When we first looked at the o1 models a few weeks ago, access was limited and testing was through the ChatGPT interface. At the time, we questioned the consistency of task analysis and spurious tokens/hallucinations appearing in the reasoning summaries.

Now that the models are widely available via the API we can get a more detailed look at their performance. For this article, we’ll compare o1-mini against the current standard OpenAI models: GPT-4o and GPT-4o-mini.
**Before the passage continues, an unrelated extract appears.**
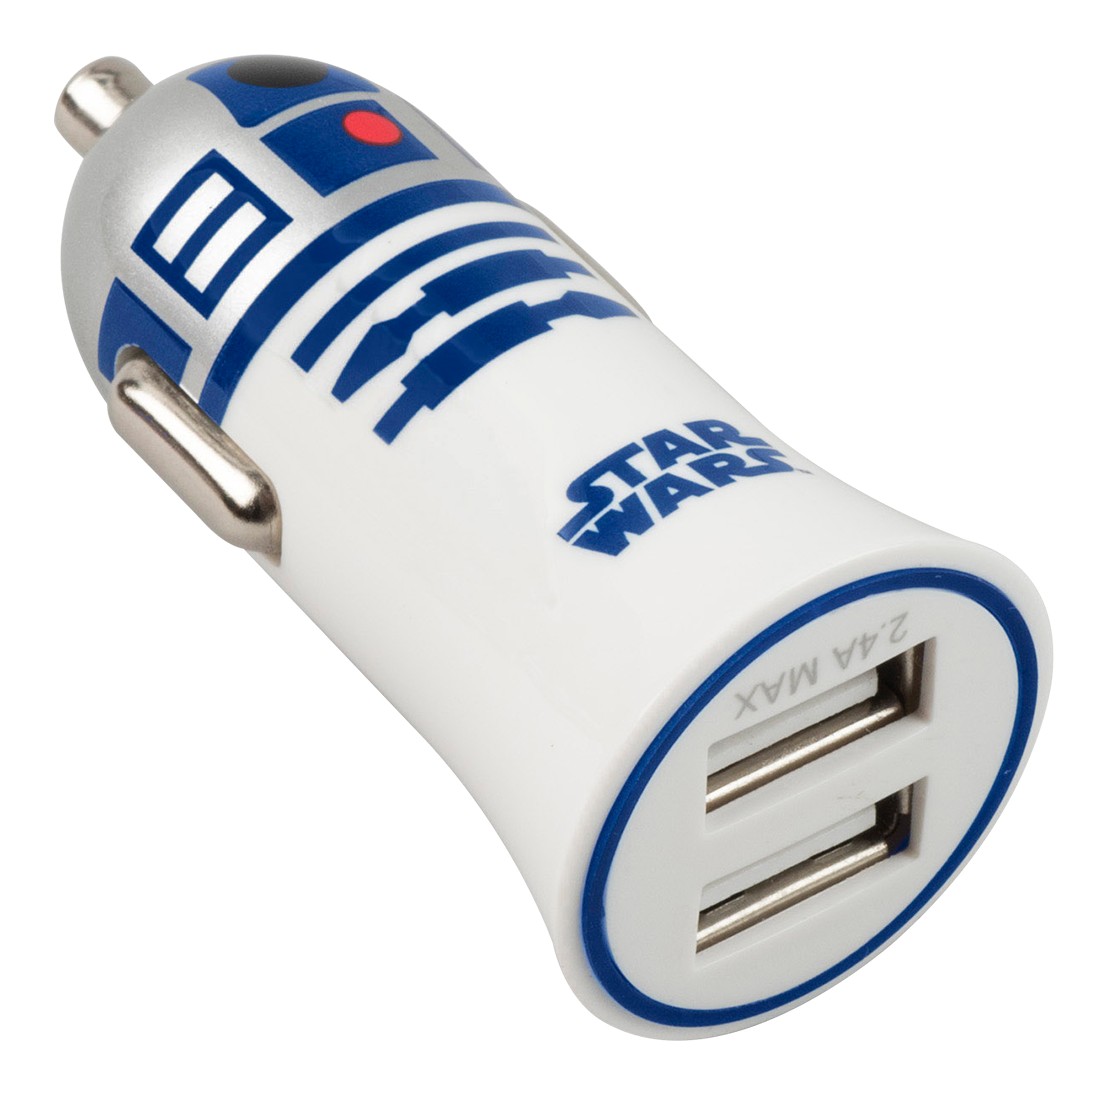 https://avvenice.com/21268/tribe-r2-d2-star-wars-car-charger-fast-car-charge-double-usb-charger-iphone-ipad-tablet-samsung-smartphone.jpg
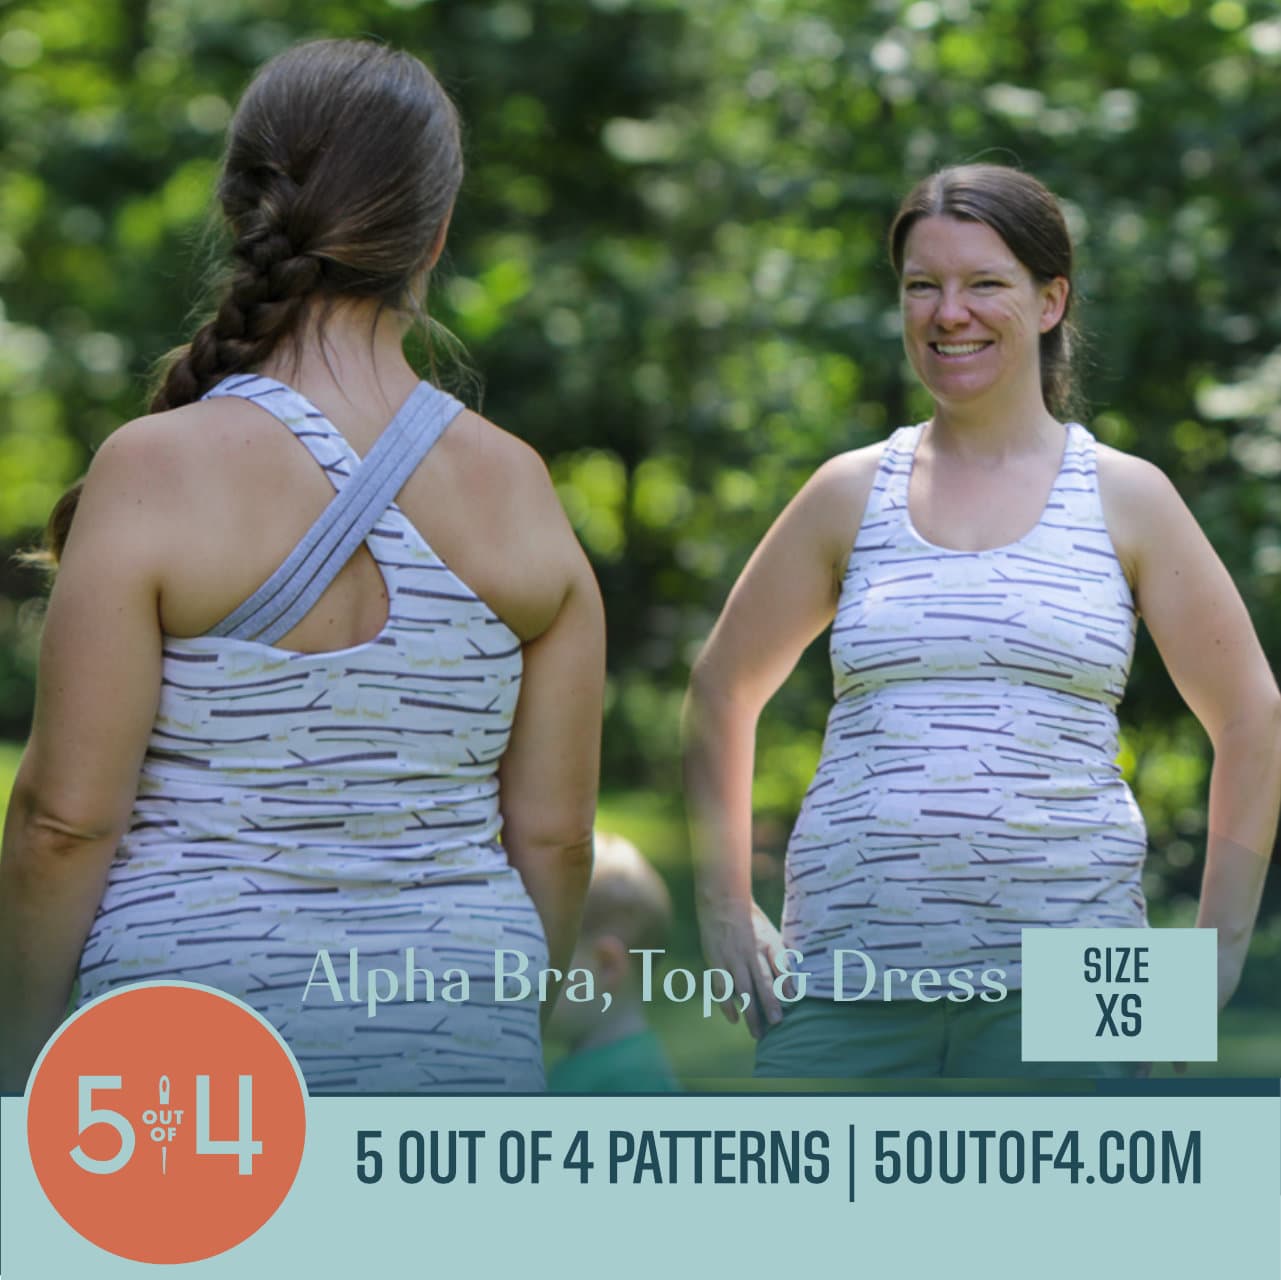 Alpha Bra, Tank, and Dress - 5 out of 4 Patterns

In summary, o1-mini returns the best average score but is inconsistent, with some failures typically only seen with smaller models. Reasoning token usage varies widely, with no clear correlation to task performance.

Benchmark Approach

The benchmark measures model capabilities through a simple content evaluation task. Models score a technical article’s suitability (0-10) for two personas - a technical expert and a non-technical manager - without explicit scoring criteria. Human evaluators typically show a 5-6 point difference in scores, reflecting the content’s varying accessibility to different audiences.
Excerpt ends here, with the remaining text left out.